Una Stubbs, as we’ve said, famous from films with Cliff Richard and as Alf Garnett’s long-suffering daughter Rita in Till Death Do Us Part played quite against type in the risky role of Aunt Sally, a pretentious fairground doll who is the apple of Worzel’s eye – and who makes him work extra hard to be worthy of her notice.
Beyond that, some of the comedy stalwarts of a generation added their weight to the show – Bernard Cribbins, Barbara Windsor, Billy Connolly, Bill Maynard, Norman Bird, Lorraine Chase, Connie Booth and more all appeared across the series.
Worzel Gummidge was pure fun and adventure with a mischievous, sulky, self-interested, anarchic scarecrow and the people who cared about him, and the story of its ending is as weird as its beginnings – when the network that showed it, Southern, lost its license and its programmes transferred to TVS, the new company simply declined to make any more.
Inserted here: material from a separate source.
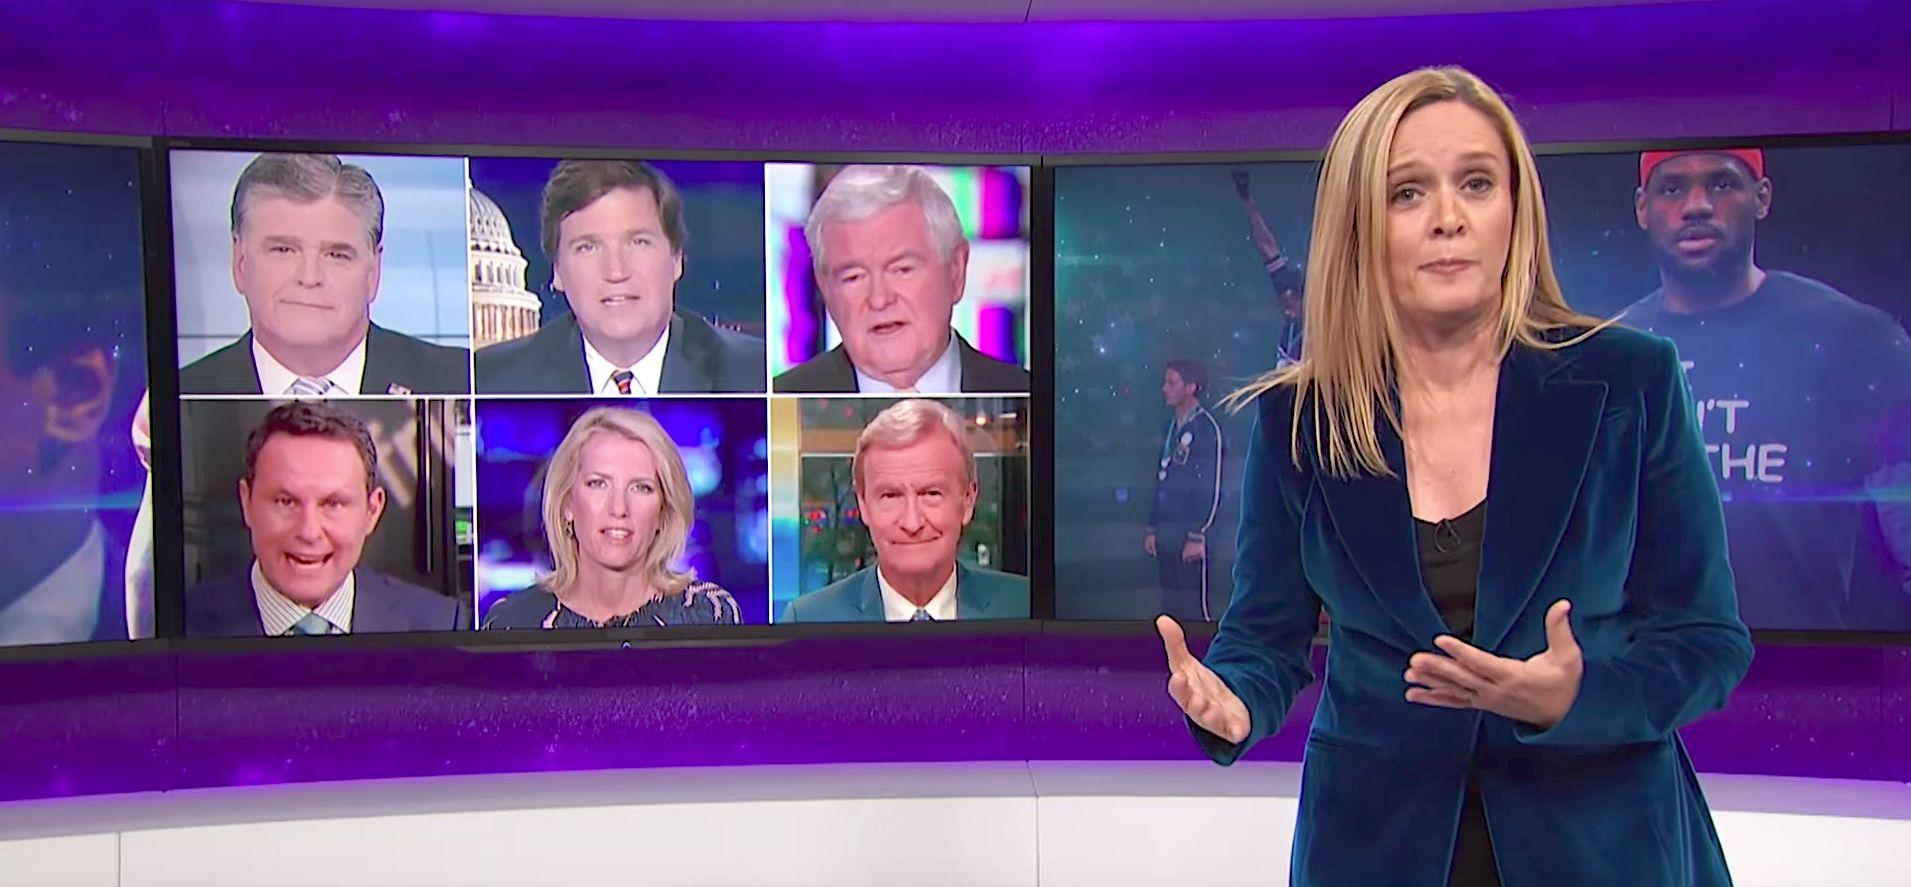 Samantha Bee Skewers Fox News' Hypocrisy Over NFL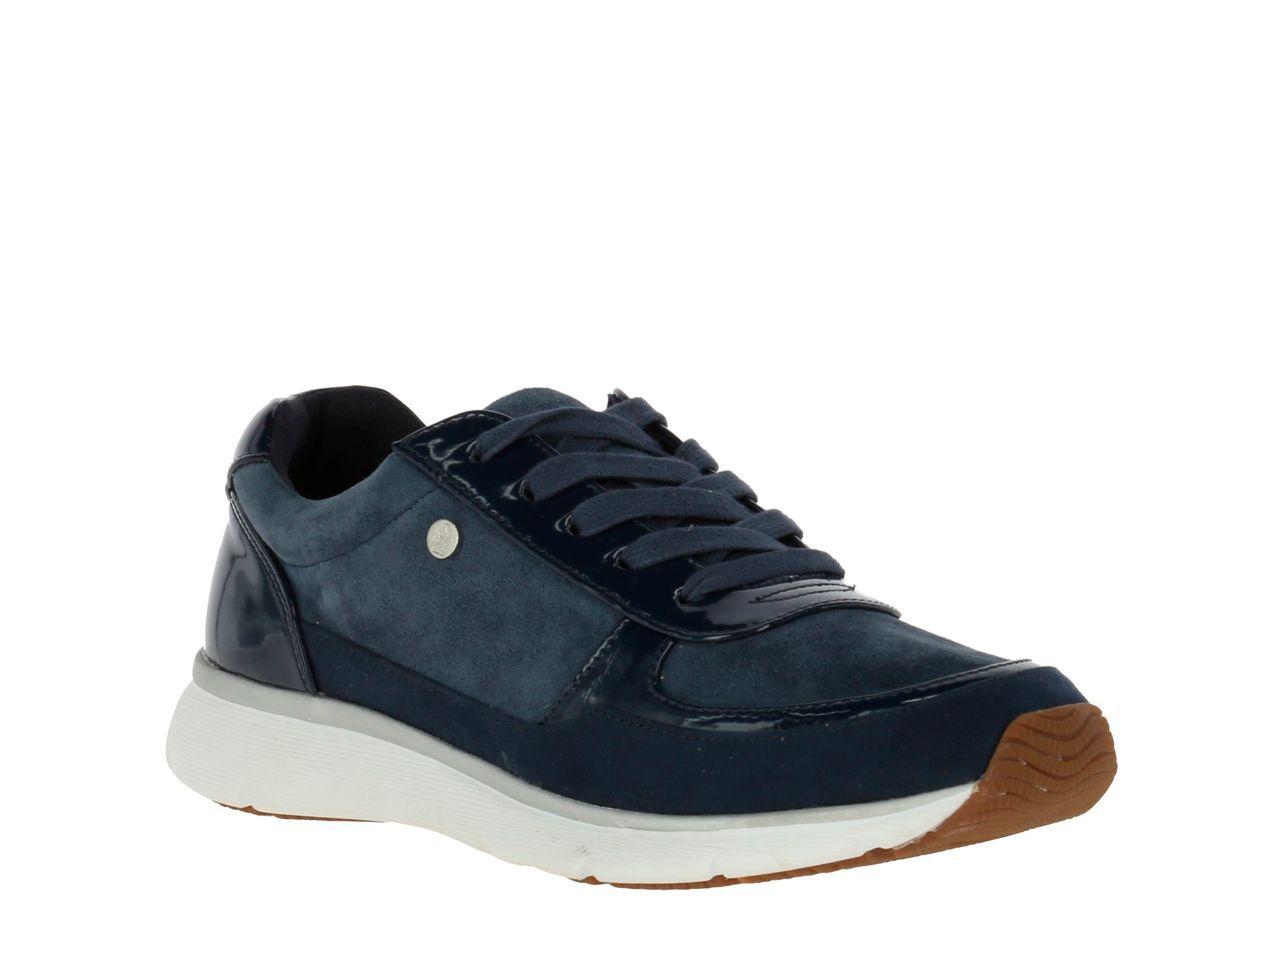 Zapatilla Mujer Lovit Hush puppies, Shoes, Sneakers

The show eventually returned for a brief flurry as Worzel Gummidge Down Under in 1987, with a New Zealand location and only Pertwee and Stubbs on board from the original cast. But sadly, after drawing poor ratings, Michael Grade cancelled the show for good.
The thing about Worzel Gummidge is that the books continue to be read, because the central character and the premise instinctively appeals to children (including children with five decades under their belts!), and a more recent re-interpretation starring Mackenzie Crook in the lead role proved that the magic is still there in the role and the storytelling.
But the Jon Pertwee version has the magic from the very beginning, delivering a charm-sprinkled children’s story, with an unpredictable, sometimes cranky, but always exhilarating central character who still repays rewatching to this day.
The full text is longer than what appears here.